Kolam aerasi dibuat kedalamannya 3 meter dan ditempatkan alat yang dapat meningkatkan jumlah oksigen terlarut dalam air, dengan tujuan agar dapat berlangsung reaksi oksidasi dengan baik. Oksigen yang diberikan ada batas daya larut dalam air yaitu 7 ppm, oleh sebab itu pemberian oksigen dianggap berhenti jika oksigen terlarut 7 ppm, dan jika menurun kembali diulangi. Maka setiap kolam aerasi ditempatkan unit alat aerator (Naibaho, 1995).

2.4.2.9. Kolam Aerobik (Aerobic Pond)

Dapat menampung cairan limbah untuk 15 hari olah. Kolam ini merupakan kolam terakhir dalam proses pengolahan limbah cair dan dipakai untuk memberikan kesempatan cairan dari kolam pengendapan untuk menyerap lebih banyak oksigen dari udara. Kolam ini dibuat dangkal dengan kedalaman 2,5 m agar cahaya matahari dapat menembus hingga ke dasarnya dan dibuat lebih luas agar proses pengendapan benar-benar sempurna sebelum dibuang ke sungai.
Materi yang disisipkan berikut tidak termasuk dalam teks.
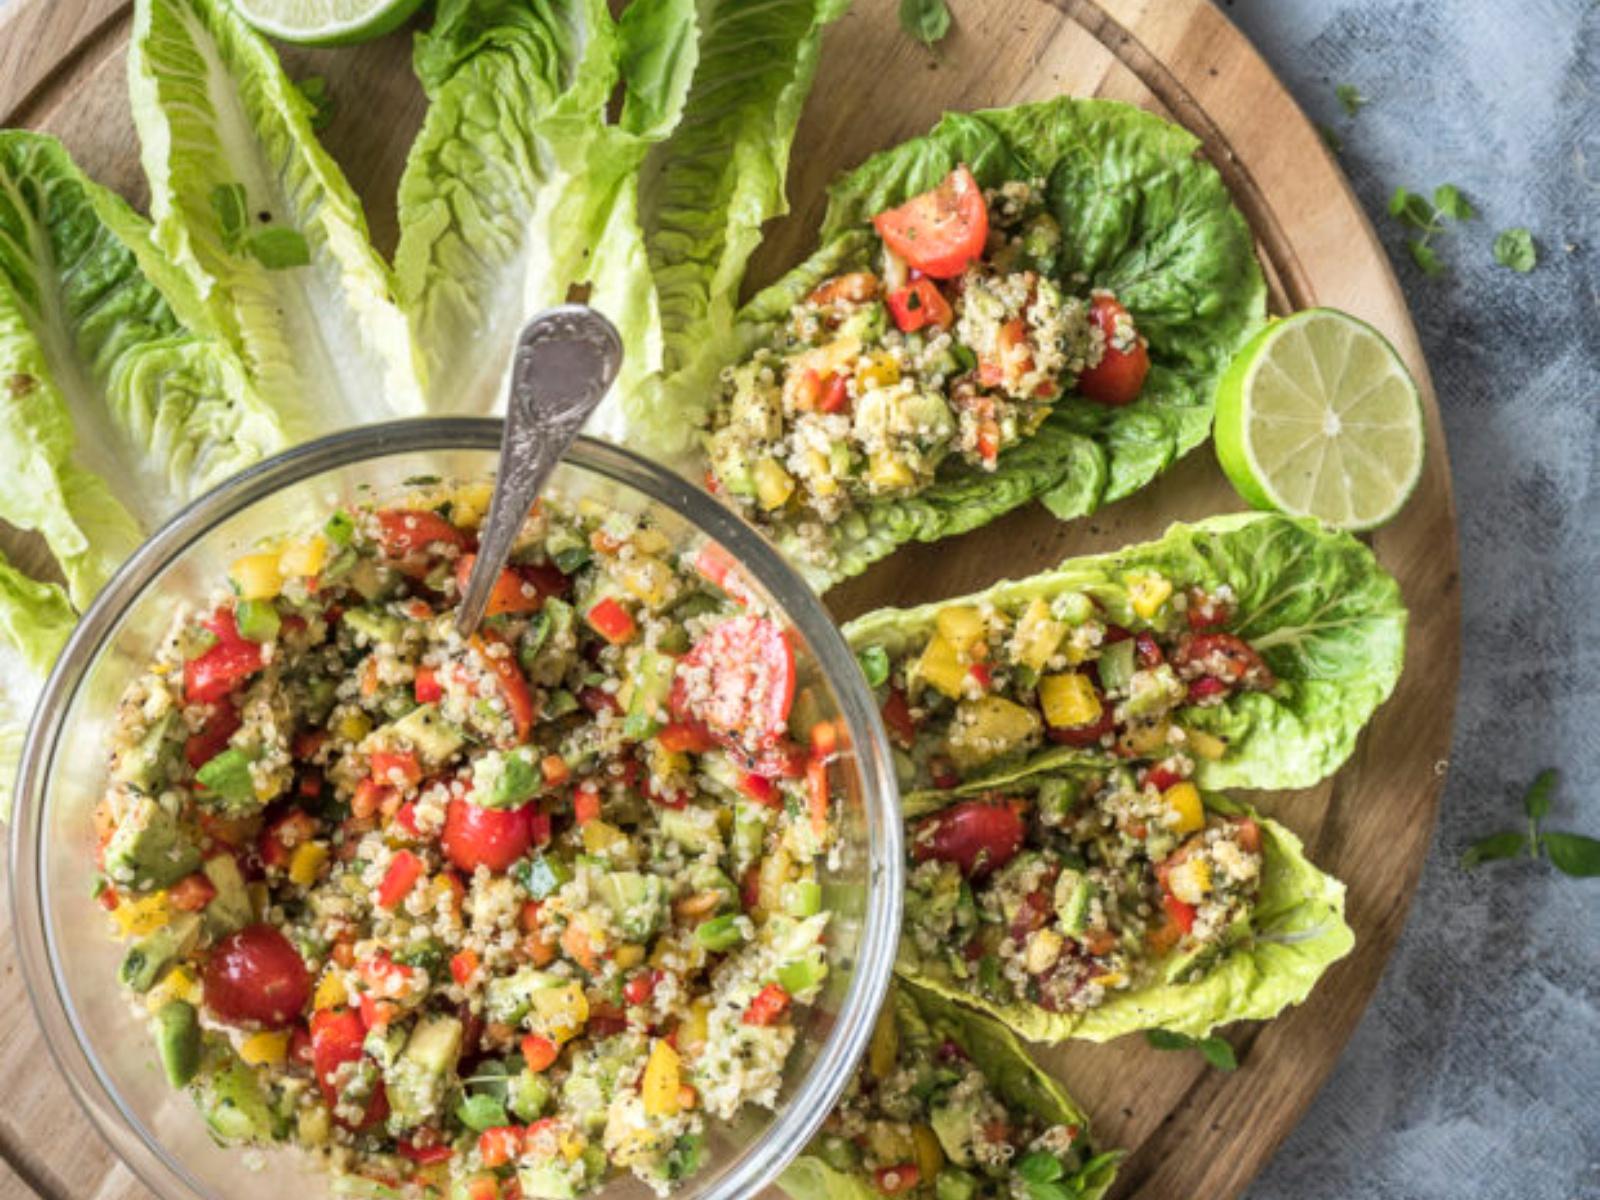 Quinoa Avocado Lettuce Wraps

Diharapkan pada kolam ini oksigen yang terlarut sudah semakin banyak dan dapat menurunkan limbah dari BOD 600 ppm-800 ppm menjadi BOD 75 ppm-125 ppm. Kolam ini adalah kolam yang terakhir dan air limbah telah dapat dialirkan ke sungai (Naibaho, 1995) .

Saat ini juga tren pengelolaan limbah di industri yaitu menjalankan secara terintegrasi kegiatan pengurangan, segregasi dan handling limbah sehingga menekan biaya dan menghasilkan output limbah yang lebih sedikit serta minim tingkat pencemarnya. Integrasi dalam pengelolaan limbah tersebut kemudian dibuat menjadi berbagai konsep seperti: produksi bersih (cleaner production), atau minimasi limbah

(waste minimization) (Rahman, 2009).

Bila pengelolaan limbah hanya diarahkan pada kegiatan pengolahan limbah maka beban kegiatan di Instalasi Pengolahan Air Limbah (IPAL) akan sangat berat,

membutuhkan lahan yang lebih luas, peralatan lebih banyak, teknologi dan biaya yang tinggi. Kegiatan pendahuluan pada pengelolaan limbah (pengurangan, segregasi

dan penanganan limbah) akan sangat membantu mengurangi beban pengolahan limbah di IPAL.